Talks and presentations

Thesis Defense

July 15, 2025

Talk, University of Toulouse, CerCo - CNRS, Toulouse, France

This talk examines neural synchrony (i.e., the coordinated timing of neuronal activity) as a potential mechanism for visual binding. I introduce three artificial neural network models that induce synchrony through different dynamics and show that these models improve object representation, robustness, and human-like generalization. I then compare these computational results with shared temporal variance (STV, proxy for synchrony) measured in primate IT cortex, revealing information carried by temporal signals that firing rates alone do not capture. Together, the work provides new evidence that temporal coordination supports visual perception and offers a framework for aligning ANN dynamics more closely with the brain.

VSS Talk on Reverse Predictivity

June 18, 2025

Talk, Vision Science Society (VSS) Conference, TradeWinds Island Resorts, St. Pete Beach, Florida, USA

How should we evaluate whether an artificial neural network truly represents objects the way the primate visual system does? In this talk, we introduce Reverse Predictivity, a complementary metric that tests how well population activity in macaque IT can predict the internal (IT-like) units of models. Using large-scale time-resolved IT recordings and features from diverse ANN architectures, we show that reverse predictivity reveals alignment patterns that traditional encoding analyses (i.e., forward predictivity) miss. Combined, forward and reverse predictivity provide a more complete picture of model–brain similarity, exposing representational differences that are invisible when using only a one-directional evaluation.

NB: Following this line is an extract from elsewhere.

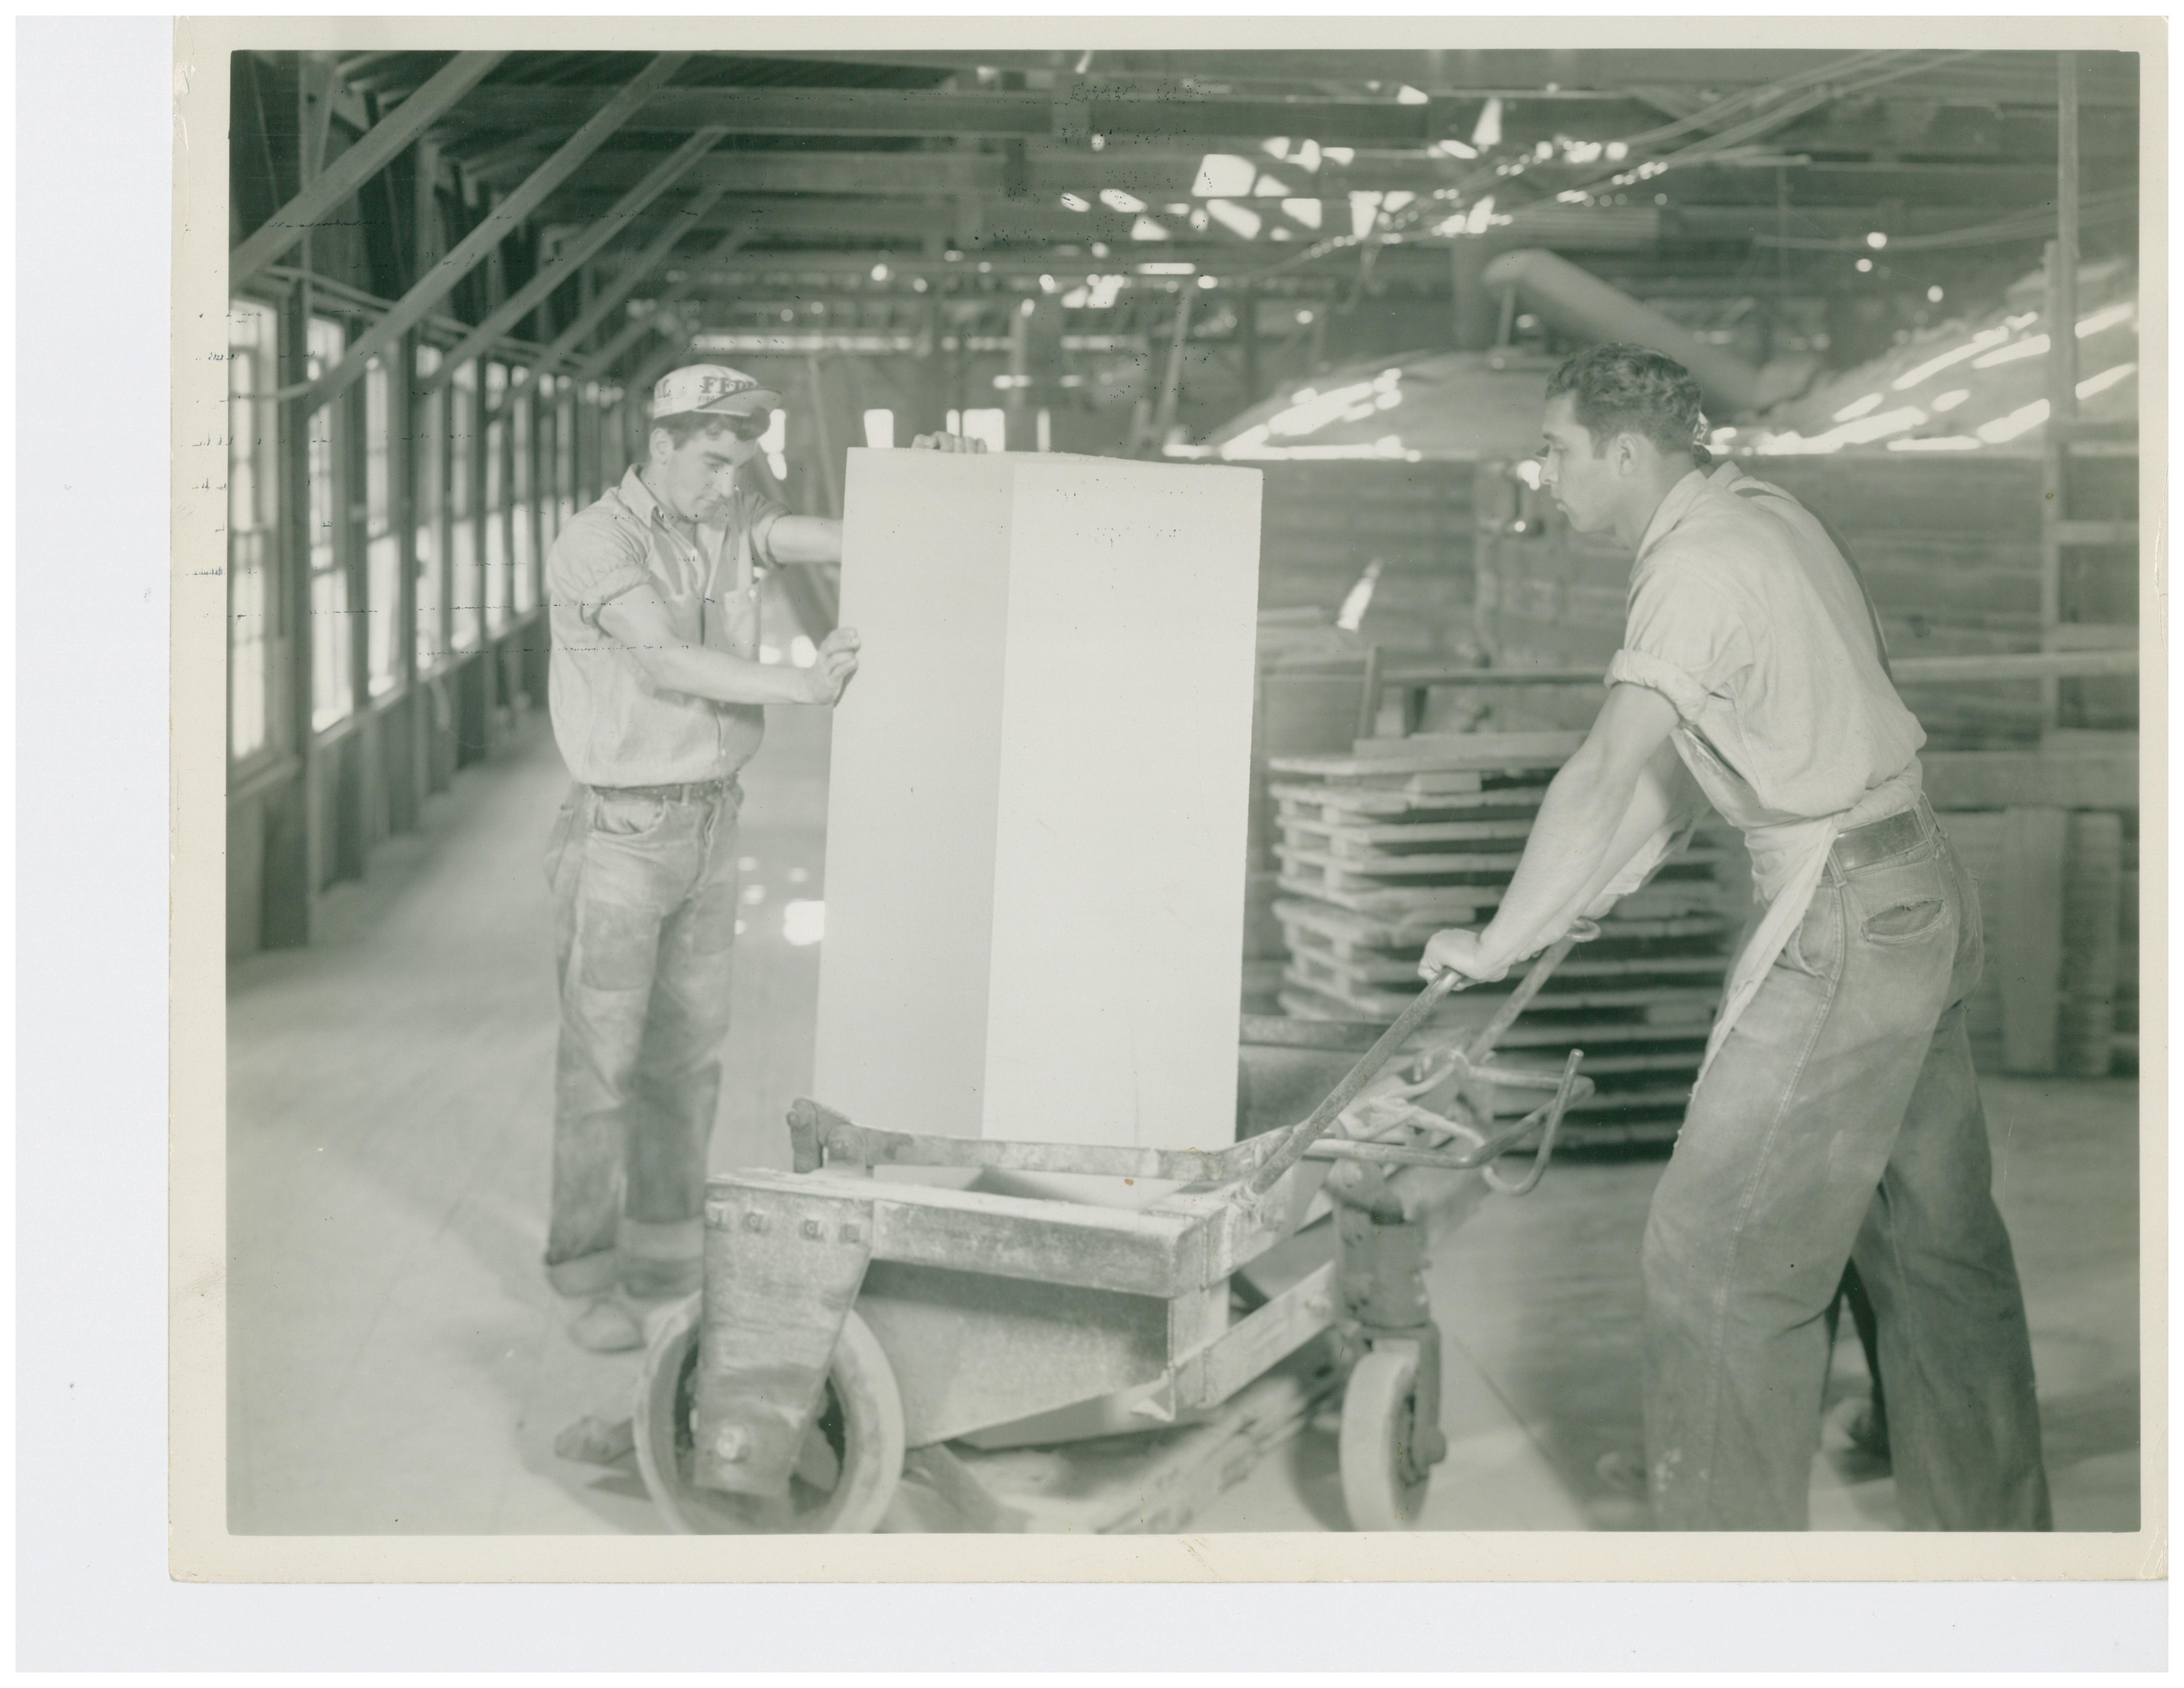 1946 Hauling Terra Cotta to be set in the Muffel Kiln

ICLR Presentation on FeatureTracker

April 24, 2025

Talk, International Conference on Learning Representations (ICLR), Singapore EXPO

We introduce FeatureTracker, a benchmark designed to test whether models can track objects even as their appearance change. We also design a complex-valued recurrent neural network that relies on phase synchrony to dynamically bind features belonging to the same object. As the object transforms, neurons representing it align their phases, creating a stable temporal signature that supports robust tracking. Across diverse transformations, synchrony-based tracking outperforms appearance-based baselines, showing that temporal coordination provides a powerful inductive bias for feature binding.

AI Tasting Seminar

September 07, 2023

Talk, Torus AI, Toulouse, France

Attribution methods are essential for understanding how deep networks make decisions, yet prediction-based approaches routinely outperform classic gradient-based ones. We show that the key difference lies in their frequency content: gradient-based attribution maps contain excessive high-frequency noise, while prediction-based maps do not. By analyzing gradients across multiple CNN classifiers, we trace this noise to aliasing introduced during downsampling operations. Applying an optimal low-pass filter removes this high-frequency contamination and dramatically improves the performance of gradient-based methods, reshaping the ranking of state-of-the-art attribution techniques. Our results highlight a simple principle—filtering out high-frequency noise restores the faithfulness of gradients, and point toward a renewed appreciation of efficient, interpretable gradient-based explanations.

CCN 2022 Contributed Talk on Neural ODEs

August 28, 2022

Talk, Conference on Cognitive Computational Neuroscience (CCN), San Francisco, CA, USA

This talk explores how standard (discretized) deep-learning implementations of neuroscience models often distort their underlying differential equations, limiting both performance and dynamical accuracy. We present neural ODEs as a more faithful alternative, allowing large-scale models to be trained end-to-end using precise and adaptive ODE solvers. Using predictive coding and hGRU as case studies, we show that neural-ODE implementations yield more stable dynamics and better task performance than conventional Euler-based updates, highlighting neural ODEs as a powerful framework for scaling biologically inspired models without sacrificing their continuous-time structure.